Irving Leonard Finkel (born 1951) is a British philologist and Assyriologist. He is the Assistant Keeper of Ancient Mesopotamian script, languages and cultures in the Department of the Middle East in the British Museum, where he specialises in cuneiform inscriptions on tablets of clay from ancient Mesopotamia.

Early life and education
Finkel was born in 1951 to a dentist father and teacher mother, one of five children (including a sister named Angela), and grew up at Palmers Green, North London. He was raised as an Orthodox Jew but became an atheist as a teenager. He earned a PhD in Assyriology from the University of Birmingham under the supervision of Wilfred G. Lambert with a dissertation on Babylonian exorcistic spells against demons.

Career

Philology
Finkel spent three years as a Research Fellow at the University of Chicago Oriental Institute. In 1976 he returned to the UK, and he was appointed as Assistant Keeper in the Department of Western Asiatic Antiquities at the British Museum, where he was (and remains) responsible for curating, reading and translating the museum's collection of around 130,000 cuneiform tablets.

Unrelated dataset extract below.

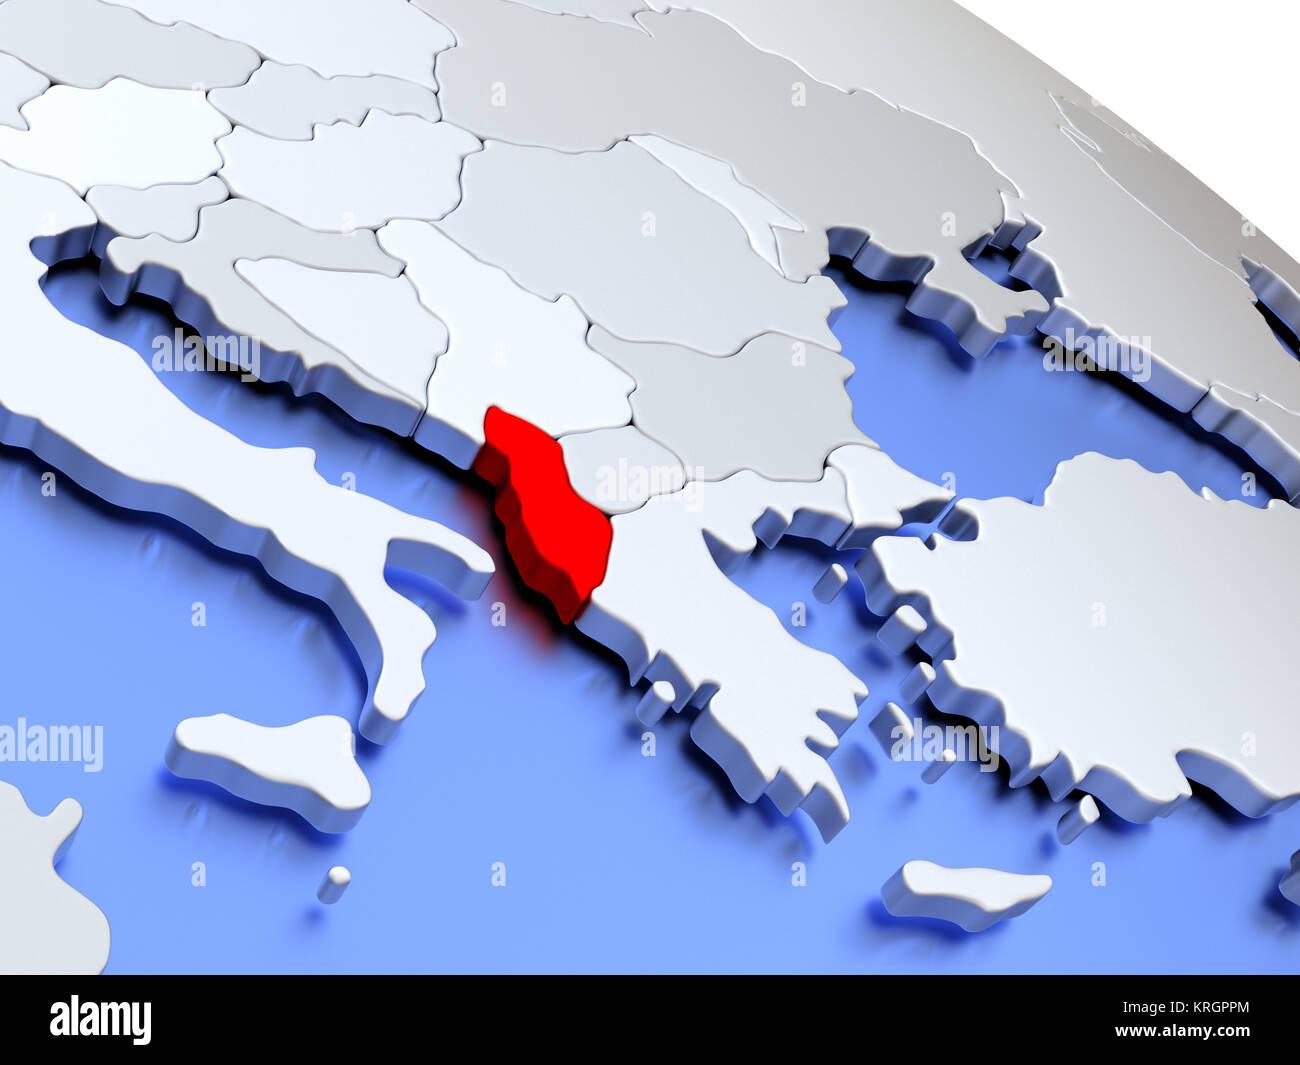 Albania On World Map Stock Photo 169399516 Alamy

In 2014, Finkel's study of a cuneiform tablet that contained a Flood narrative similar to that of the story of Noah's Ark, described in his book The Ark Before Noah, was widely reported in the news media. The ark described in the tablet was circular, essentially a very large coracle or kuphar and made of rope on a wooden frame. The tablet included sufficient details of its dimensions and construction to enable a copy of the ark to be made at about 1/3 scale and successfully floated, as documented in a 2014 TV documentary Secrets of Noah's Ark that aired as an episode of PBS's NOVA series.

Board games
Finkel studies the history of board games, and is on the Editorial Board of Board Game Studies. Among his breakthrough works is the determination of the rules of the Royal Game of Ur. He also owns a replica set of the Lewis chessmen which were used as props in the first Harry Potter film.

Great Diary Project
Finkel founded the Great Diary Project, a project to preserve the diaries of ordinary people. In association with the Bishopsgate Institute, Finkel has helped to archive over 2,000 personal diaries. In 2014, the V&A Museum of Childhood held an exhibition of the diaries of children written between 1813 and 1996.

Literary
Finkel has written a number of works of fiction for children.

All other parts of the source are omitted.